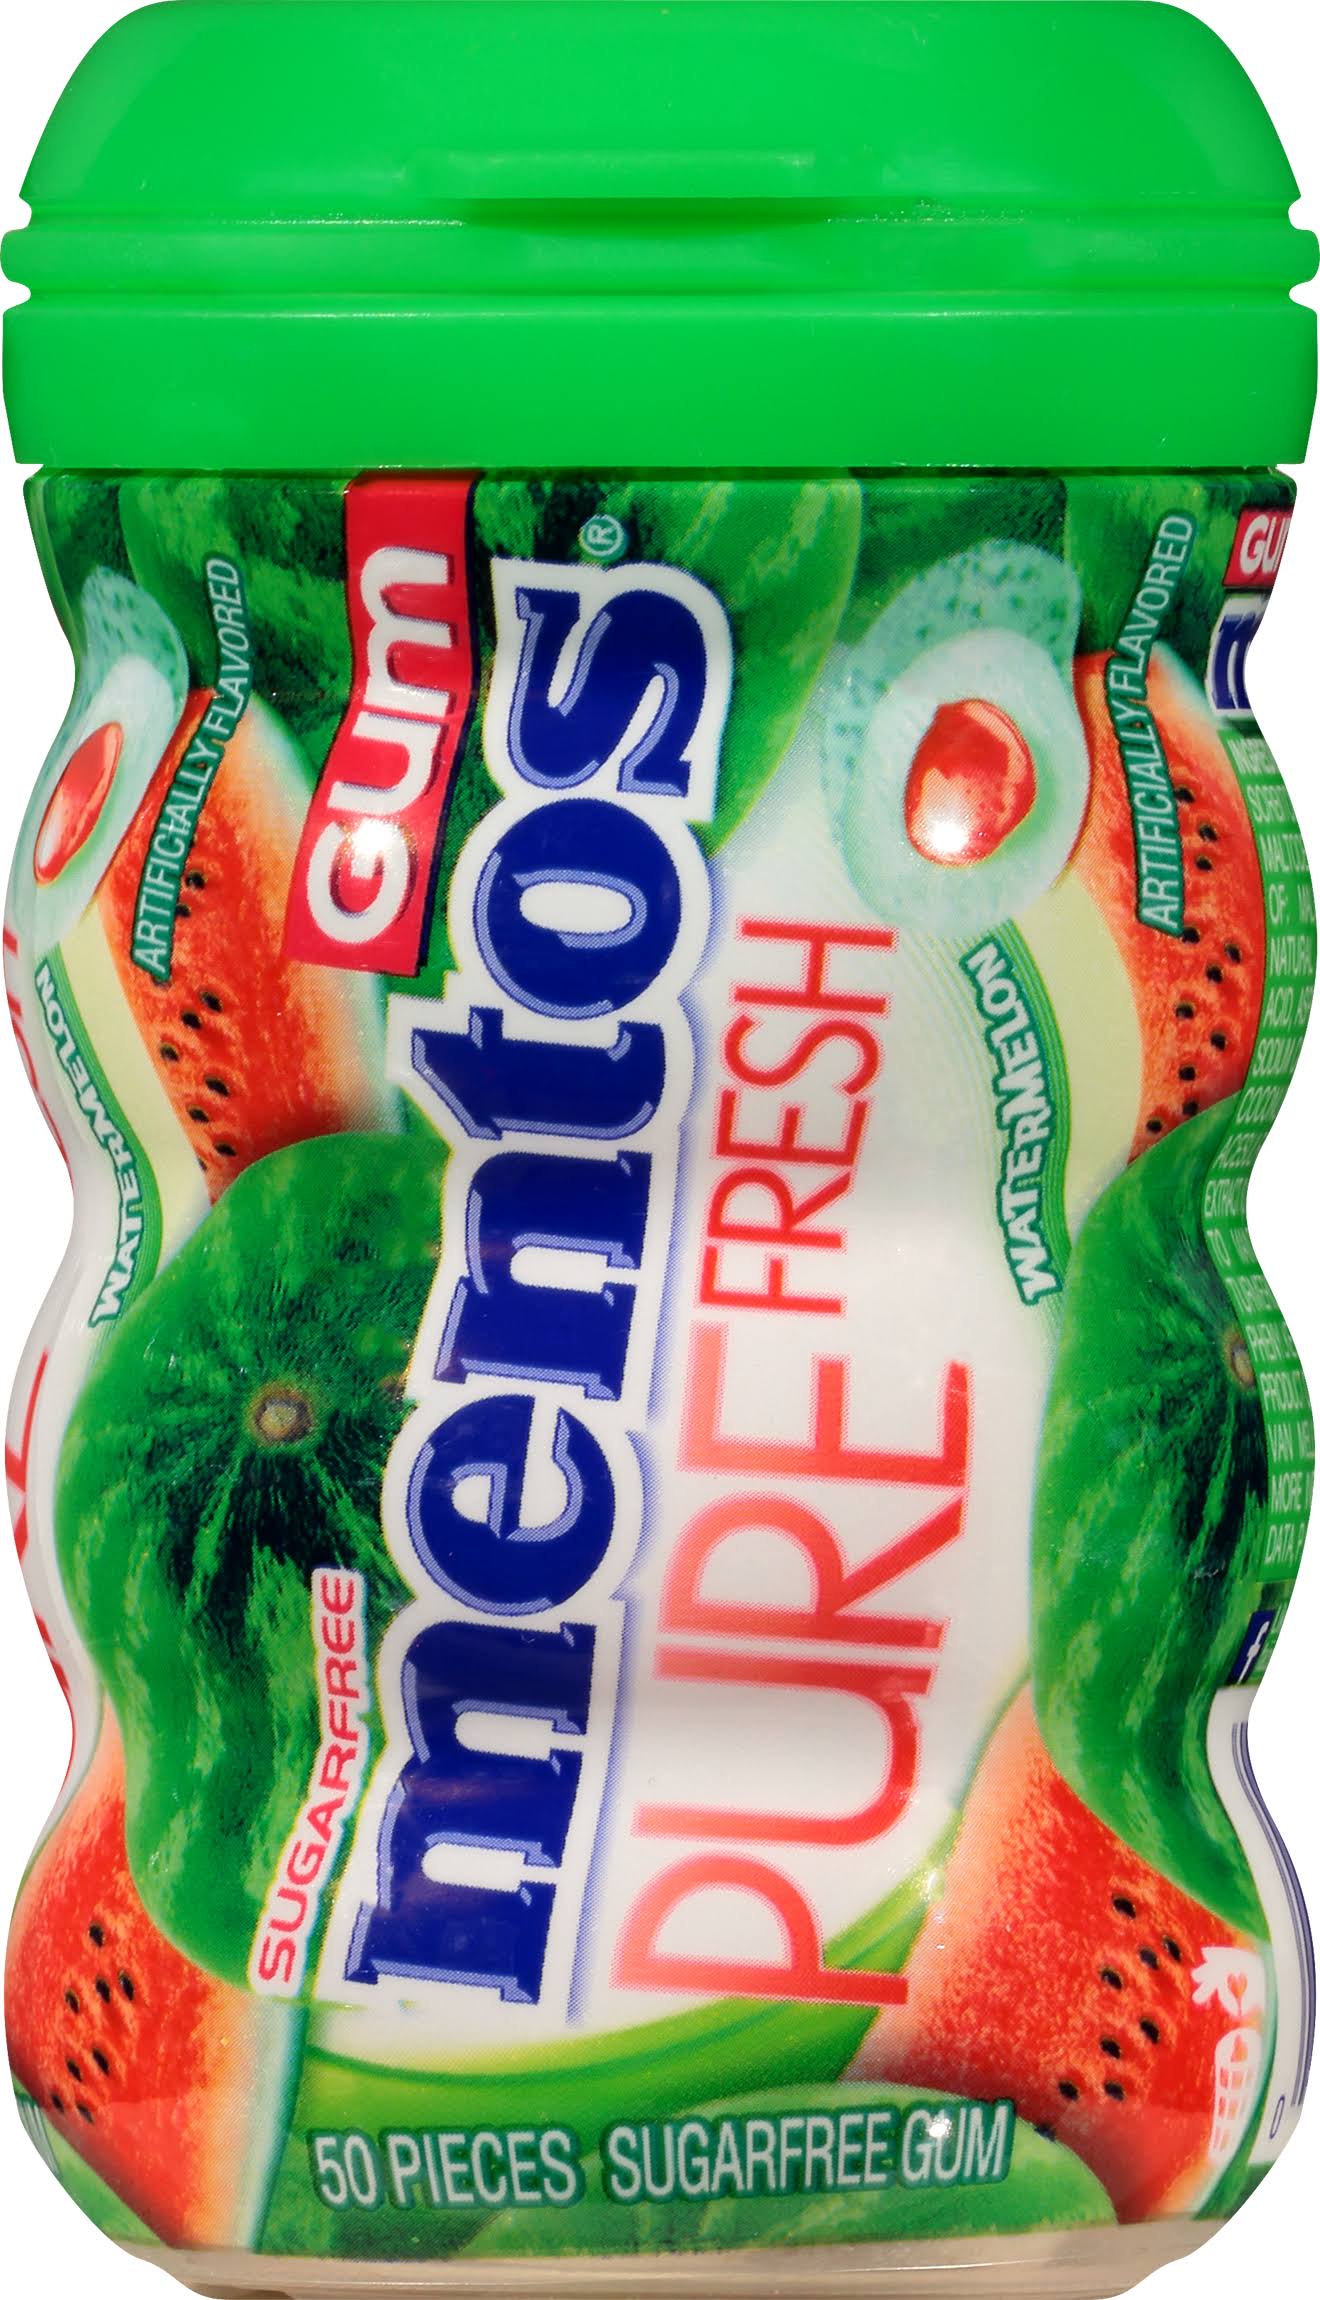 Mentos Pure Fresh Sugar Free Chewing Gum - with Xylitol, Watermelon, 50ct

========================================

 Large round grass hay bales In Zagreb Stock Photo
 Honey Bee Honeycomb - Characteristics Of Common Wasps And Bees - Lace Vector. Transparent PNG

========================================

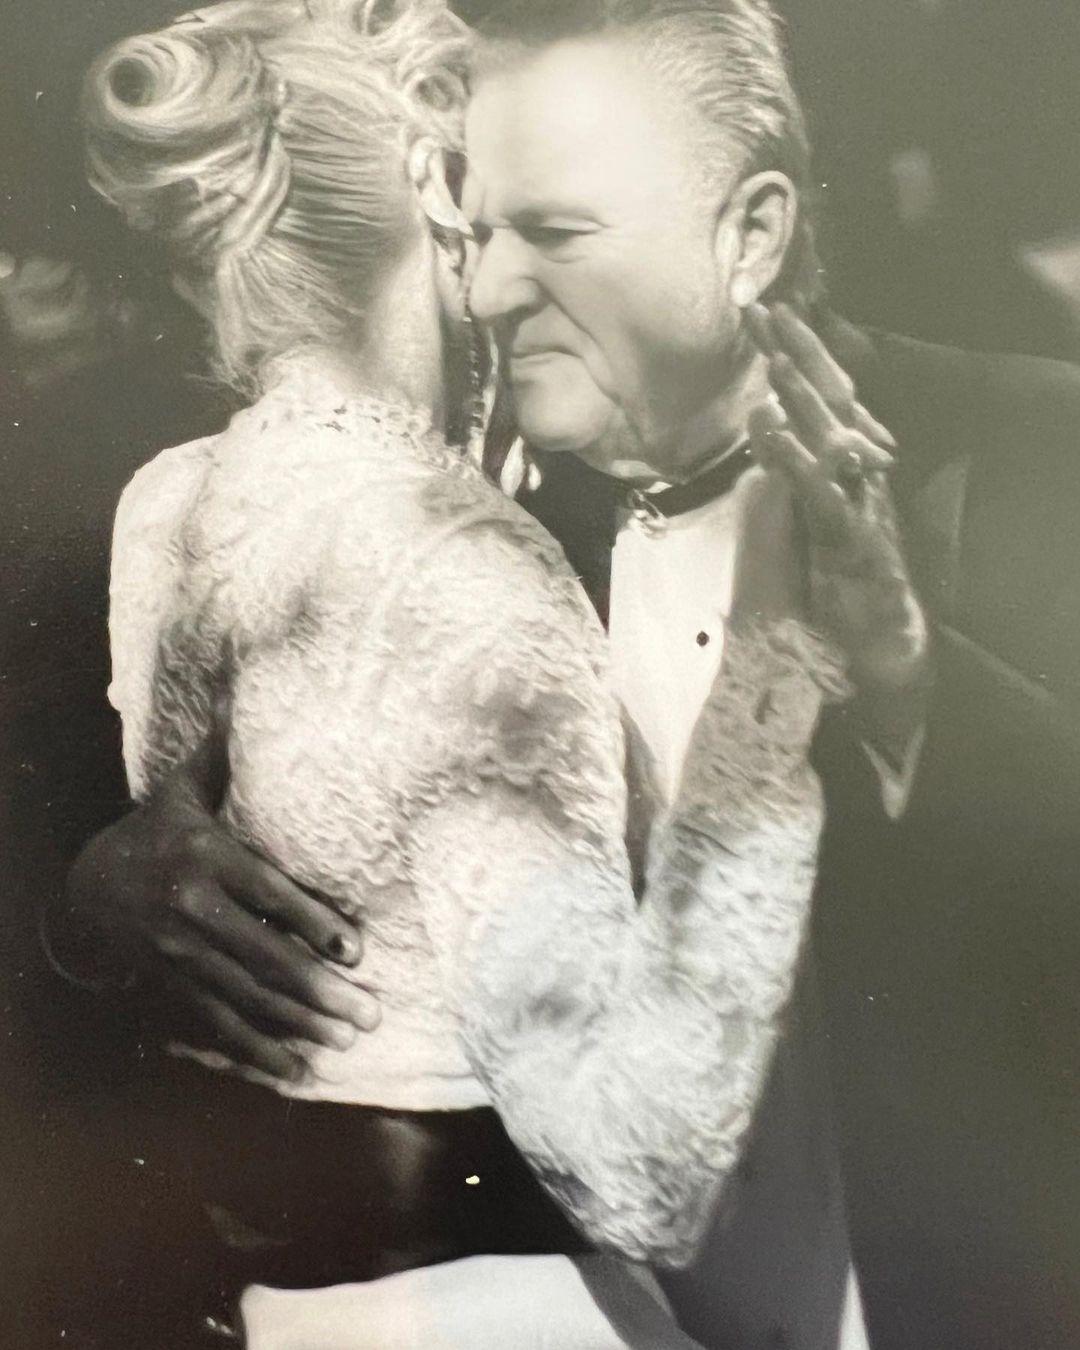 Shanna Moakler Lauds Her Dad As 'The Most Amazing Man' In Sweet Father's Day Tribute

========================================

What is required -
Restate word for word the lines of the data above, starting at the line containing "Large round grass" and ending at the line containing "Honey Bee Honeycomb", both included, and nothing more.

Task solution -
 Large round grass hay bales In Zagreb Stock Photo
 Honey Bee Honeycomb - Characteristics Of Common Wasps And Bees - Lace Vector. Transparent PNG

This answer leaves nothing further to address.